Positive discrimination – reverse kind of discrimination that attempts to promulgate equal opportunity
to members of a traditionally discriminated minority. Its function is to compensate for past cases of
exploitation or persecution by the majority group.

LIBERALISM
Liberalism is the belief that the value of individual human personality, and a profound conviction that
all human progress has been due to the free exercise of human powers.

Negative Liberalism – also called classical liberalism, it refers to a state being free from constraint. It
focuses setting limits to government influence and intervention.

Positive Liberalism – also called positive freedom, it believes that it is not enough for the government
to leave the people to themselves. It argues that government must also actively promote various types
of rights and freedoms necessary for a liberal society to flourish.

MORALITY
It means proper behavior of a person on society. Morality has to do with human activities that are
looked upon as good or bad, right or wrong, correct or incorrect.
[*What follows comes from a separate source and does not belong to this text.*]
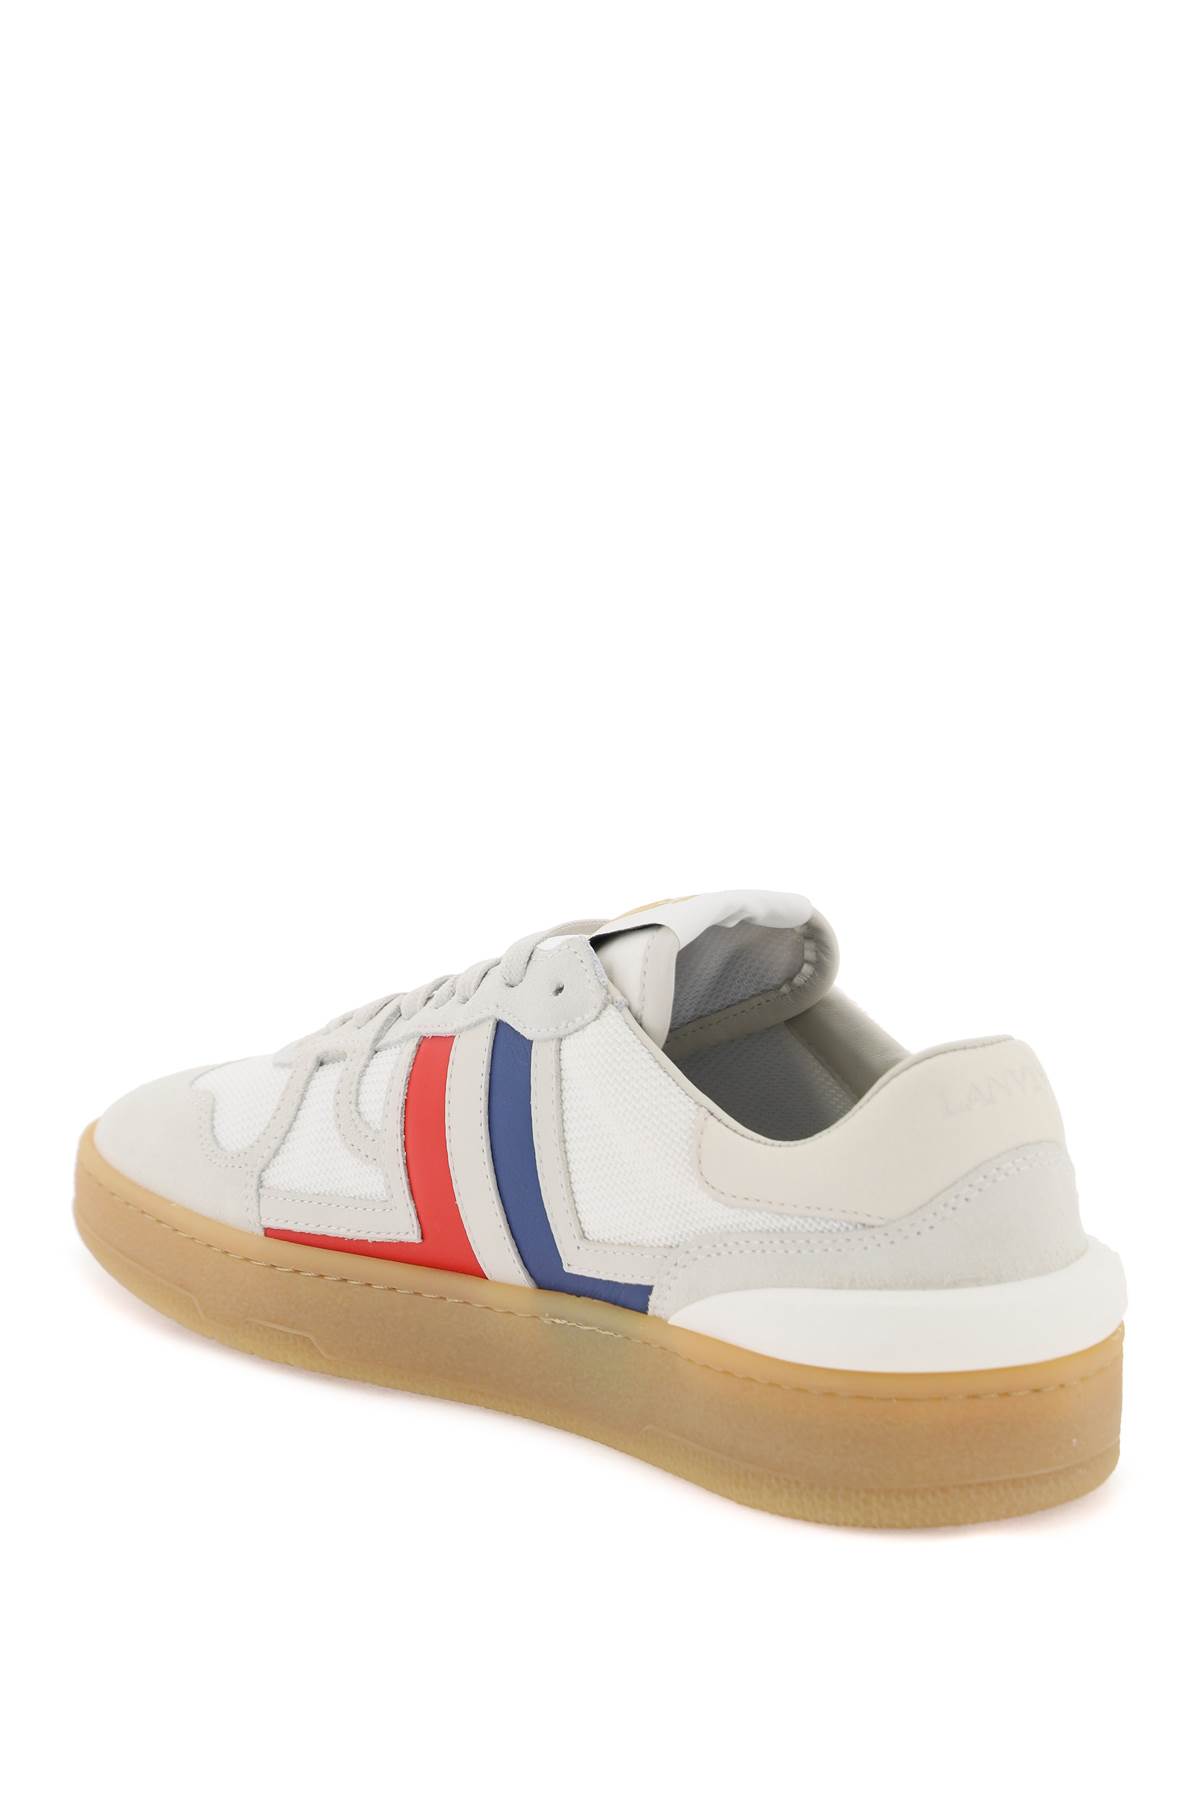 Shop Lanvin Clay Sneakers In White/multicolour

This means that the act or behavior
must conform to the accepted rules for what is considered right, virtuous, just or proper conduct.

Five differences between legal and moral duties:


1. Legal duties concentrate on external behavior, while moral duties concentrate on the internal
process of intention, motive and conscience.
2. Legal duties are accompanied by corresponding rights.
3. If somebody violates a legal duty, he or she is punished by the state.
4. Law is formulated by an easily identifiable authority; and
5. The legal verdict in a given situation is black and white, regardless of how complex the issues
were.

Morality and Good Manners


Etiquette which is the doing of good manners is sometimes regarded of a component of morality.